É um caso de esquizofrenia o que se vive em redor da Sé Velha de Coimbra e é ela quem perde. Estamos a meio caminho entre a Baixa e a universidade quando se abre o largo irregular, de inclinação acentuada e casario apertado. A Sé-Velha, que tenta respirar no meio, é uma igreja-fortaleza quase puramente românica, onde não faltam ameias na fachada que deixa desmaiar a severidade nos três arcos perfeitos a enquadrar um janelão. No exterior, vale  pena observar as traseiras, com a abside principal enquadrada pela torre-lanterna, mas é o alçado norte que guarda o “tesouro”, a Porta Especiosa, que foi adossada à romântica transformando-a numa obra-prima da Renascença em Portugal. No interior, o maior deslumbramento também vem de uma capela renascentista, em pedra de Ançã. Dizem que é a catedral mais portuguesa de Portugal porque acompanha toda a vida da nação, mas é sobretudo guardiã de um caótico parque de estacionamento durante o dia, e de uma vida nocturna desbragada – esta é zona de convívio etílico, alimentado com bares que são réplicas no modelo: televisão a passar desporto, cerveja, baldes de vodka anunciados a preços baratos. Por estes dias a pergunta que mais se ouve é: “Vocês são de que curso?” A noite faz-se na rua e faz-se (aparentemente) o que se quer.
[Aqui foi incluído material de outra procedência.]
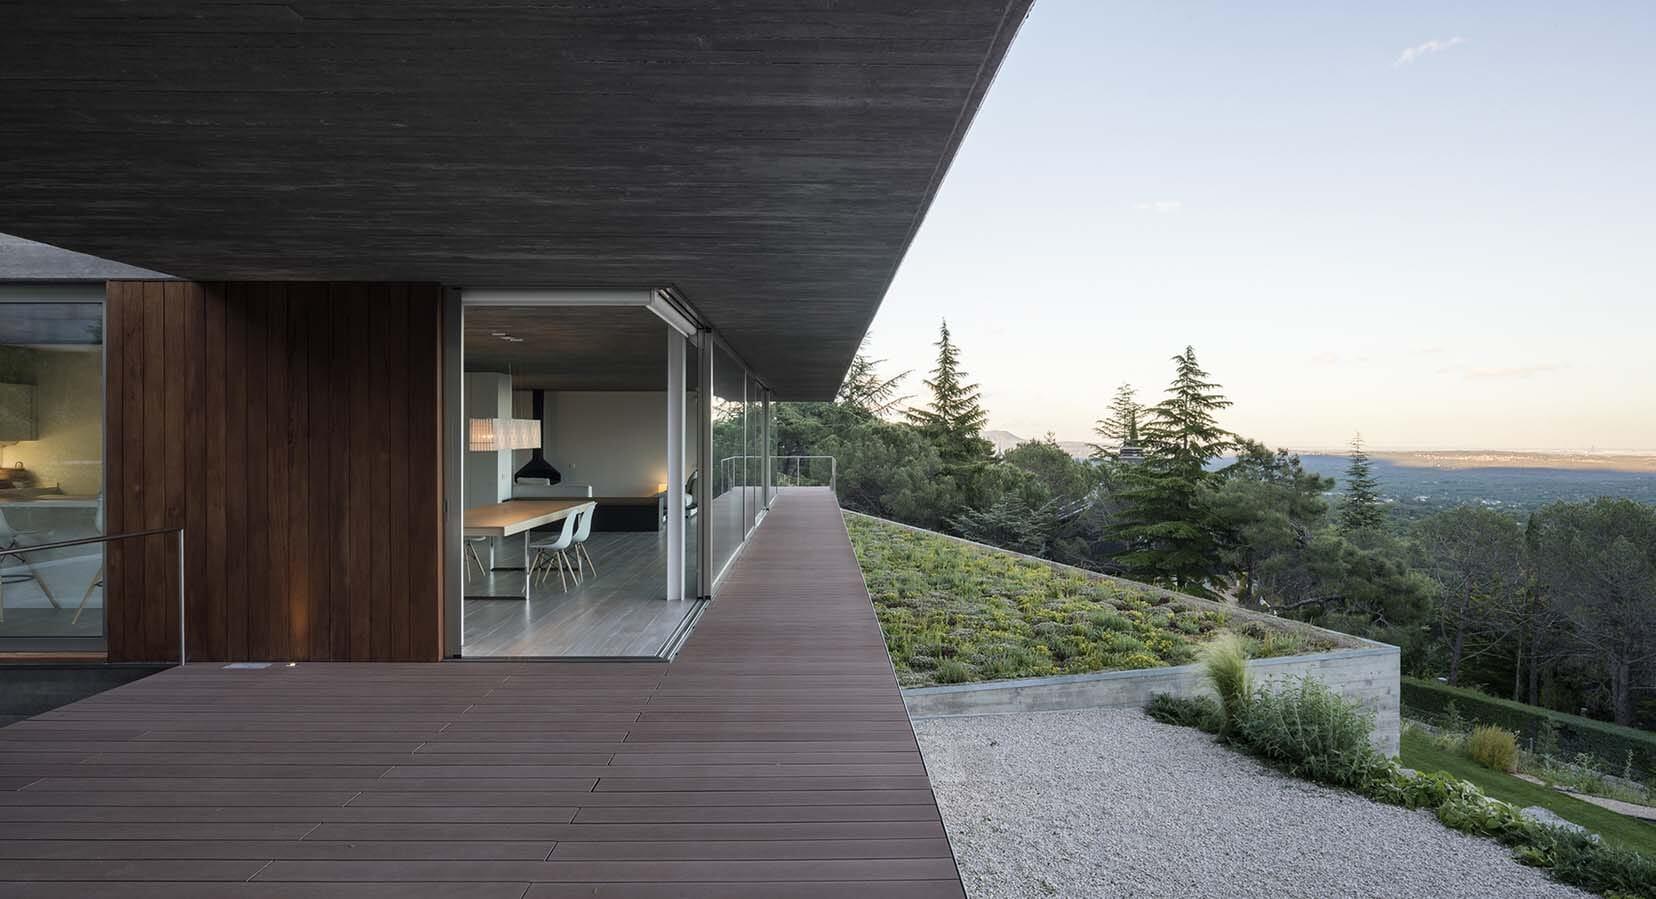 How An Oak Tree Inspired This Stunning Spanish Retreat By Aranguren & Gallegos Arquitectos

Alguns crêem que durante o século XX se perpetrou o maior atentado urbanístico em Coimbra e dele resultou a diluição do conceito de Alta. Foi da Alta, muralhada, que houve cidade, entre ruelas que trepavam até ao castelo. A população começou a viver fora desta área, na Baixa, e só quando em 1537 aqui foi instalada definitivamente a universidade – no Paço da Alcáçova – a Alta recuperou importância: a degradação anterior deu lugar ao renascimento com a construção de colégios e a instalação de ordens religiosas. E, em traços largos, a Alta passou a ser domínio de estudantes e lentes, a Baixa de todos os outros: nesses tempos, desta divisão informal, nasceram muitas das tradições que ainda hoje preenchem o imaginário estudantil de Coimbra. Até que, na década de 40 do século XX, parte importante da herança de séculos de ocupação, a “velha Alta”, poderíamos dizer, foi arrasada para a construção de novos edifícios que concentraram a cidade universitária tal como a conhecemos – e que se reflectem na sua grandeza ao estilo Estado Novo, sobretudo na rua Nova, que une a praça D. Dinis à Porta Férrea. Claro que nas décadas entretanto decorridas, a cidade universitária já se expandiu (muito) mais, com pólos em vários pontos de Coimbra – e o conceito de Alta cada vez mais diluído.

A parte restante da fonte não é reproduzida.